Requirements: Unix-based OS (Linux, macOS, BSD). Windows is not supported.

CLI Usage

bgate-unix provides a high-performance CLI for pipeline integration.

# Scan and move unique files to vault (Active Mode)
bgate scan ./incoming --into ./vault --recursive --move

# Read-only scan (default behavior)
bgate scan ./incoming --recursive

# Show index statistics
bgate stats --db dedupe.db

# Recover from an interrupted session
bgate recover --db dedupe.db

Quick Start

As a CLI tool

# Install
uv tool install bgate-unix

# Scan and move unique files to tiered storage (Active Mode)
bgate scan ./incoming --into ./vault --recursive --move

As a Library

from pathlib import Path
from bgate_unix import FileDeduplicator
from bgate_unix.engine import DedupeResult

with FileDeduplicator("dedupe.db") as deduper:
    result = deduper.process_file("incoming/document.pdf")
    
    match result.result:
        case DedupeResult.UNIQUE:
            print(f"New file (tier {result.tier})")
        case DedupeResult.DUPLICATE:
            print(f"Duplicate of {result.duplicate_of}")
        case DedupeResult.SKIPPED:
            print(f"Skipped: {result.error or 'empty'}")

Usage

File Movement Pipeline

Unique files are atomically moved to a processing directory:

from pathlib import Path
from bgate_unix import FileDeduplicator

with FileDeduplicator("index.db", processing_dir=Path("processed/")) as deduper:
    for result in deduper.process_directory("inbound/", recursive=True):
        if result.result == DedupeResult.UNIQUE:
            # result.path is the new location in processed/
            # result.original_path is the source location
            # result.stored_path is also the new location (explicit field)
            print(f"Moved: {result.original_path.name} -> {result.stored_path.name}")

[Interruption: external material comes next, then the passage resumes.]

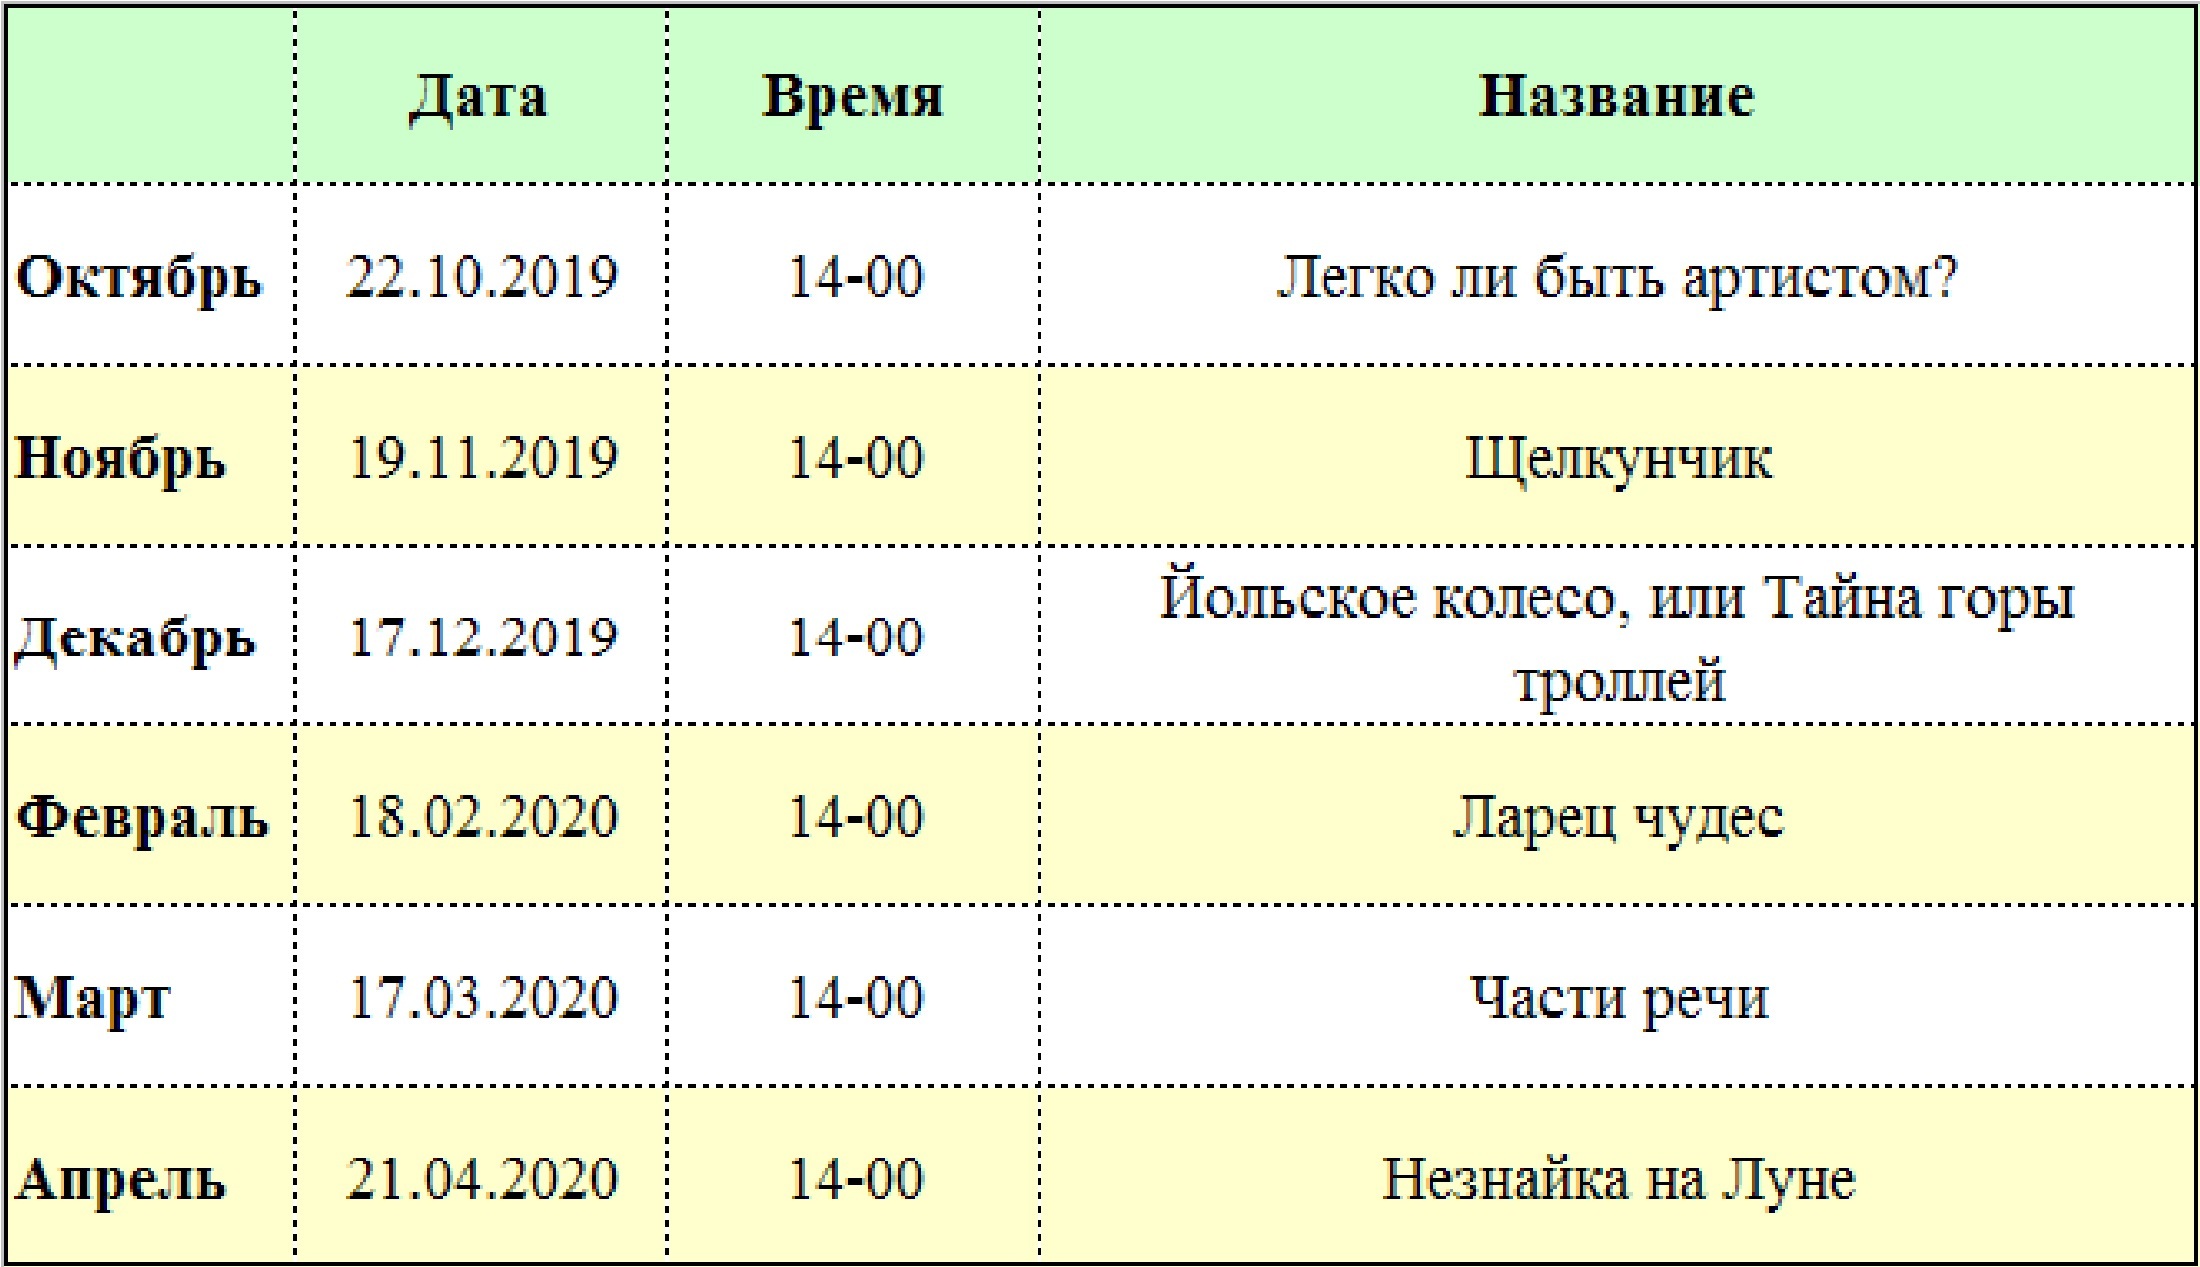 Расписание абонементных спектаклей сезона 2019 - 2020 гг.

Important: processing_dir must be on the same filesystem as source files (required for atomic os.link).

Batch Processing

from bgate_unix import FileDeduplicator
from bgate_unix.engine import DedupeResult

with FileDeduplicator("index.db") as deduper:
    results = list(deduper.process_directory("incoming/", recursive=True))
    
    unique = sum(1 for r in results if r.result == DedupeResult.UNIQUE)
    dupes = sum(1 for r in results if r.result == DedupeResult.DUPLICATE)
    
    print(f"Unique: {unique}, Duplicates: {dupes}")
    print(f"Stats: {deduper.stats}")

Database & Recovery

  • Strict Schema Enforcement: Engines will hard-stop if a database version mismatch is detected.
  • Orphan Recovery: If a crash occurs during file moves, orphaned files are automatically recovered on next connect.
  • Emergency Logging: If the database becomes unavailable during a critical I/O operation, orphan records are written to an atomic .jsonl log file for manual recovery.

Technical Details

Threat Model & Hashing

bgate-unix is designed for trusted internal pipelines.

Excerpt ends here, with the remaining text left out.